Python

4x Faster Pandas Operations with Minimal Code Change

Stop waiting on pandas operations. Parallelize them.

Travis Tang

14 Dec 2022 — 5 min read

Running multiple pandas operations together! Image by Stable Diffusion.

One of the major limitations of Pandas is that it can be slow when working with large datasets, particularly when running complex operations. This can frustrate data scientists and analysts who need to process and analyze large datasets in their work.

There are a few ways to address this issue. One way is using parallel processing.

Enter Pandarallel

Pandarallel is an open-source Python library that enables parallel execution of Pandas operations using multiple CPUs, resulting in significant speed-ups.

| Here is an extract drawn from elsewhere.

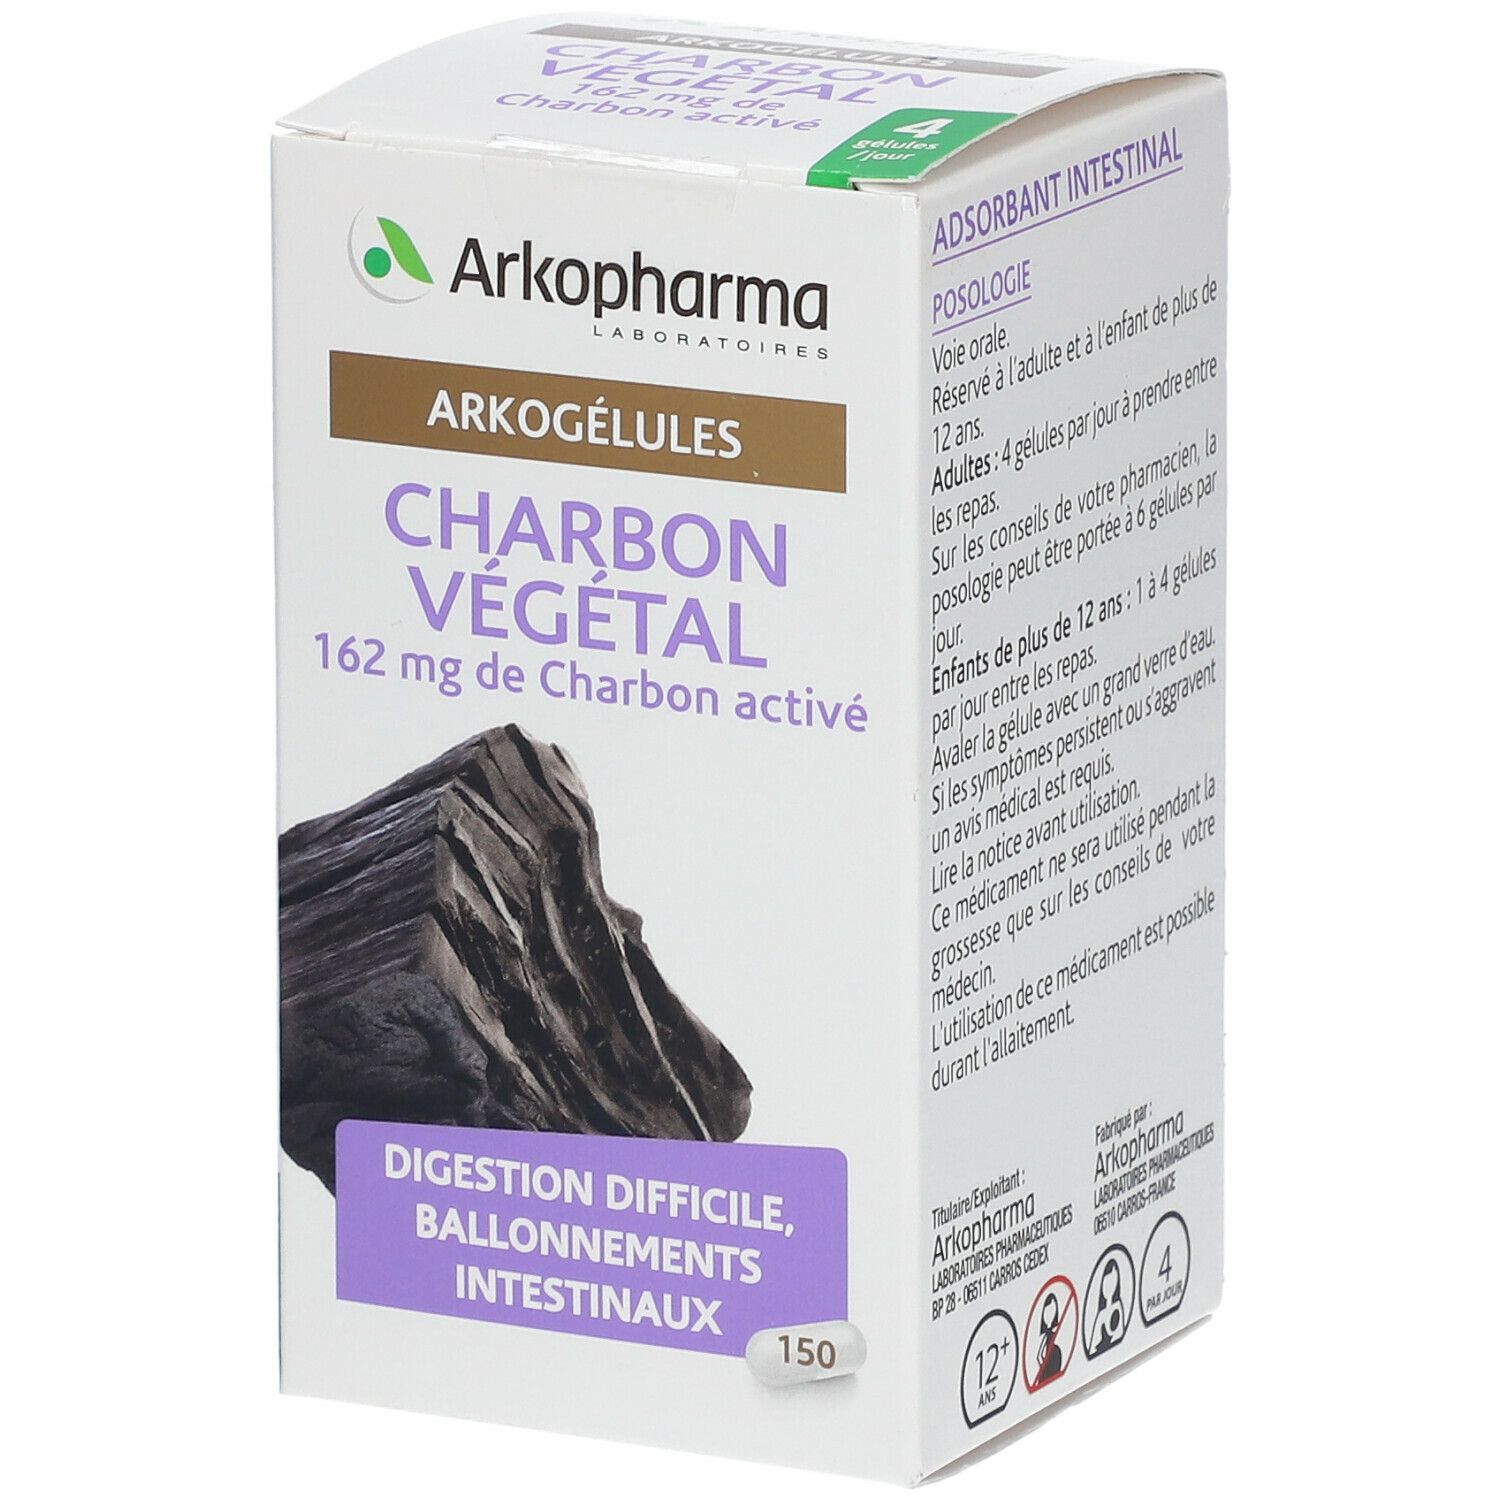 Arkopharma Arkogélules Charbon Végétal

It is built on top of the popular Pandas library, and requires only few code changes to be used.

Disclaimer: I am not affiliated with pandarallel.

Achieving significant speed-ups with Pandarallel

You can see for yourself how much quicker a pandas apply compare with pandarallel’s parallel_apply. Here, pandarallel distributed the workload across 4 cores.

More concretely, the speedup is apparent from the chart below.

4x the speedup. Source: Pandarallel’s documentation

Getting started with Pandarallel

To install Pandarallel, you can use the pip package manager:

pip install pandarallel

You can import the package into your Python code and initialize it.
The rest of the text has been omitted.